Biliary atresia

  • Definition
    • Biliary atresia is a blockage in the tubes (ducts) that carry a liquid called bile from the liver to the gallbladder.

  • Alternative Names
    • Jaundice newborns - biliary atresia; Newborn jaundice - biliary atresia

  • Causes
    • Biliary atresia occurs when the bile ducts inside or outside the liver do not develop normally. The reason why this happens is unknown.

      The bile ducts help remove waste from the liver and carry salts that help the small intestine break down (digest) fat.

      In babies with biliary atresia, bile flow from the liver to the gallbladder is blocked. This can lead to liver damage and cirrhosis of the liver, which can be deadly.

  • Symptoms
    • Newborns with this condition may appear normal at birth. However, jaundice (a yellow color to the skin and mucus membranes) develops by the second or third week of life. The infant may gain weight normally for the first month. After that point, the baby will lose weight and become irritable, and will have worsening jaundice.
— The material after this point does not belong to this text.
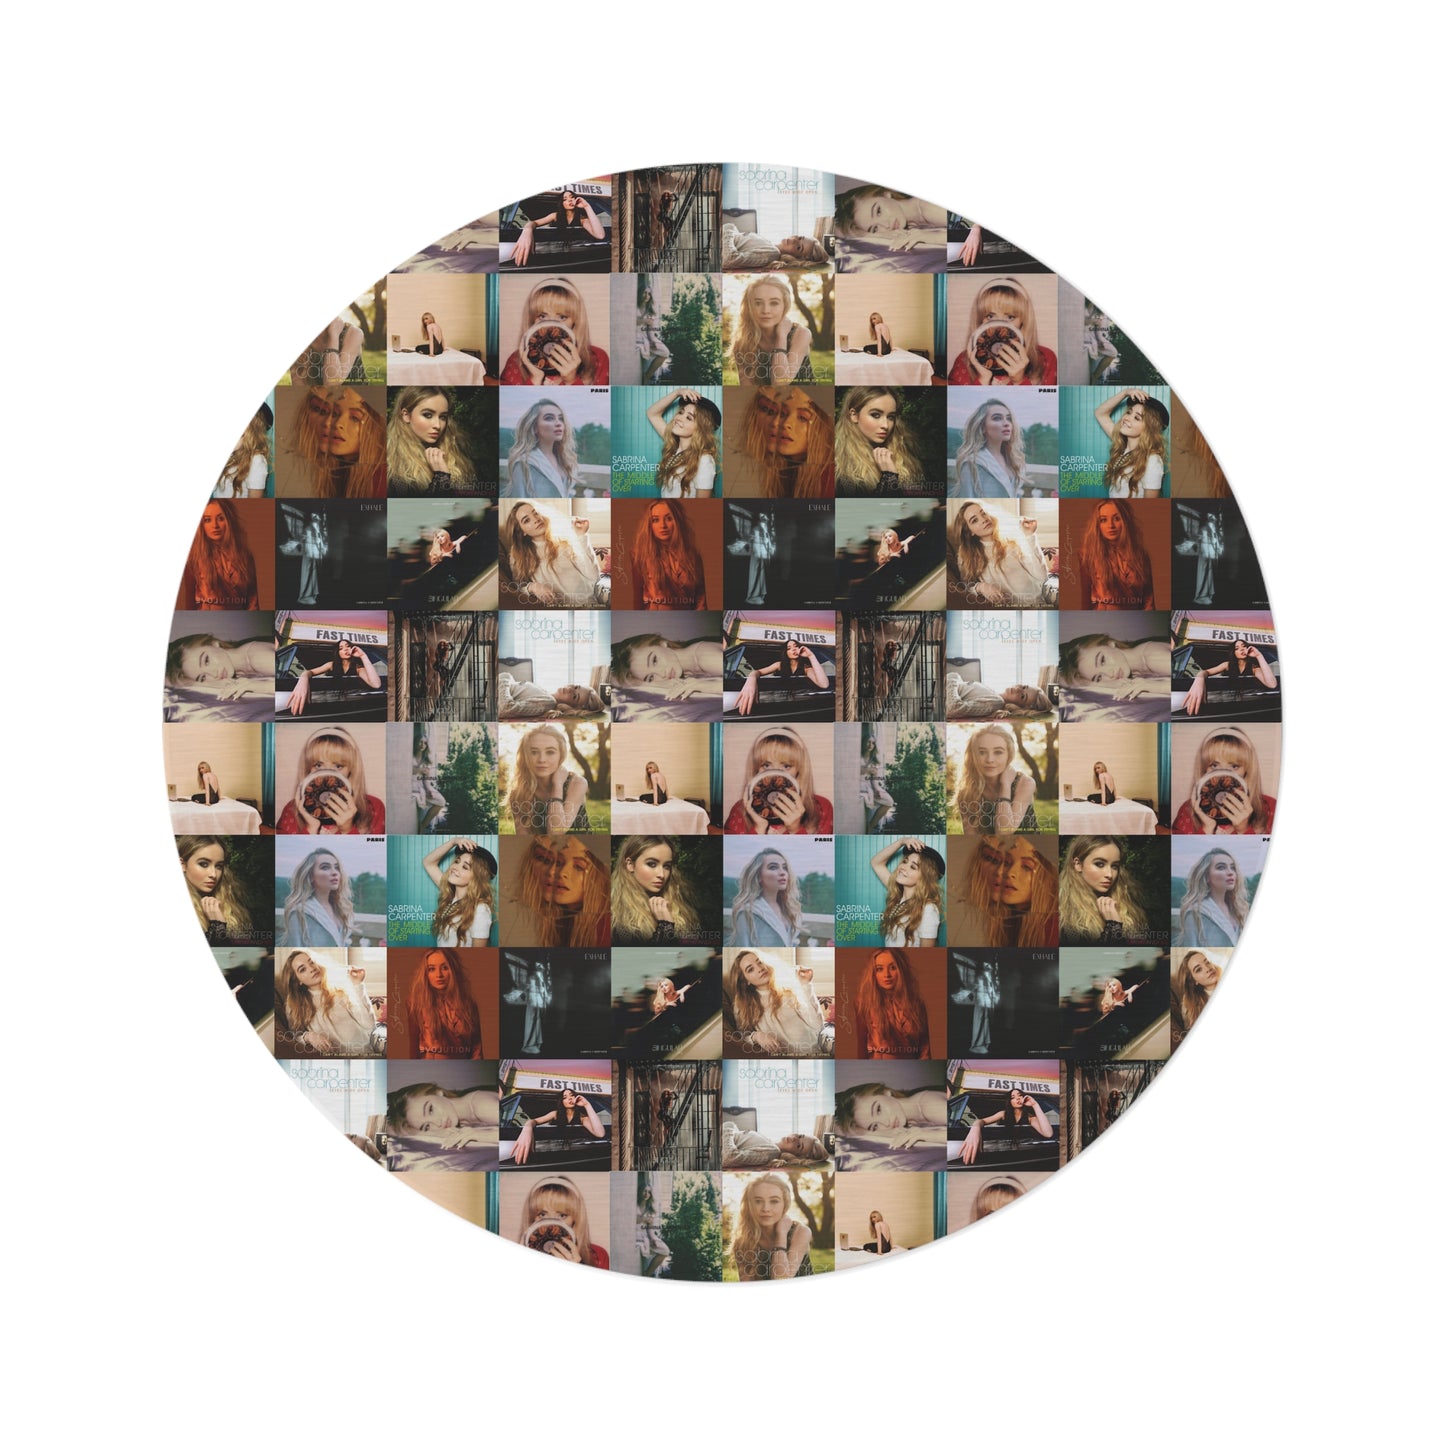 Sabrina Carpenter Album Cover Collage Round Rug

      Other symptoms may include:

      • Dark urine
      • Enlarged spleen
      • Floating stools
      • Foul-smelling stools
      • Pale or clay-colored stools
      • Slow growth
      • Slow or no weight gain
  • Exams and Tests
    • The health care provider will perform a physical exam, which includes feeling the baby's belly area. The provider may feel an enlarged liver.
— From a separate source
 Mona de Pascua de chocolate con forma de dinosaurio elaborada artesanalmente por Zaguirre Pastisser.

      Tests to diagnose biliary atresia include:

      • Abdominal x-ray
      • Abdominal ultrasound
      • Blood tests to check total and direct bilirubin levels
      • Hepatobiliary iminodiacetic acid (HIDA) scan, also called cholescintigraphy, to help determine whether the bile ducts and gallbladder are working properly
      • Liver biopsy to determine the severity of cirrhosis or to rule out other causes of jaundice
      • X-ray of the bile ducts (cholangiogram)
  • Treatment
    • An operation called the Kasai procedure is done to connect the liver to the small intestine. The abnormal ducts are bypassed. It is most successful if done before the baby is 8 weeks old. However, a liver transplant may still be needed.

  • Outlook (Prognosis)
    • Early surgery will improve the survival of more than a third of babies with this condition. The long-term benefit of a liver transplant is not yet known, but it is expected to improve survival.

  • Possible Complications
    • Complications may include:

      • Infection
      • Irreversible cirrhosis
      • Liver failure
      • Surgical complications, including failure of the Kasai procedure
  • When to Contact a Medical Professional
    • Call your health care provider if your child appears jaundiced, or if other symptoms of biliary atresia develop.

  • References
    • Kliegman RM, Stanton BF, St Geme JW, Schor NF. Cholestasis. In: Kliegman RM, Stanton BF, St Geme JW, Schor NF, eds. Nelson Textbook of Pediatrics. 20th ed. Philadelphia, PA: Elsevier; 2016:chap 356.

      Suchy FJ. Anatomy, histology, embryology, developmental anomalies, and pediatric disorders of the biliary tract. In: Feldman M, Friedman LS, Brandt LJ, eds. Sleisenger and Fordtran's Gastrointestinal and Liver Disease. 10th ed. Philadelphia, PA: Elsevier Saunders; 2016:chap 62.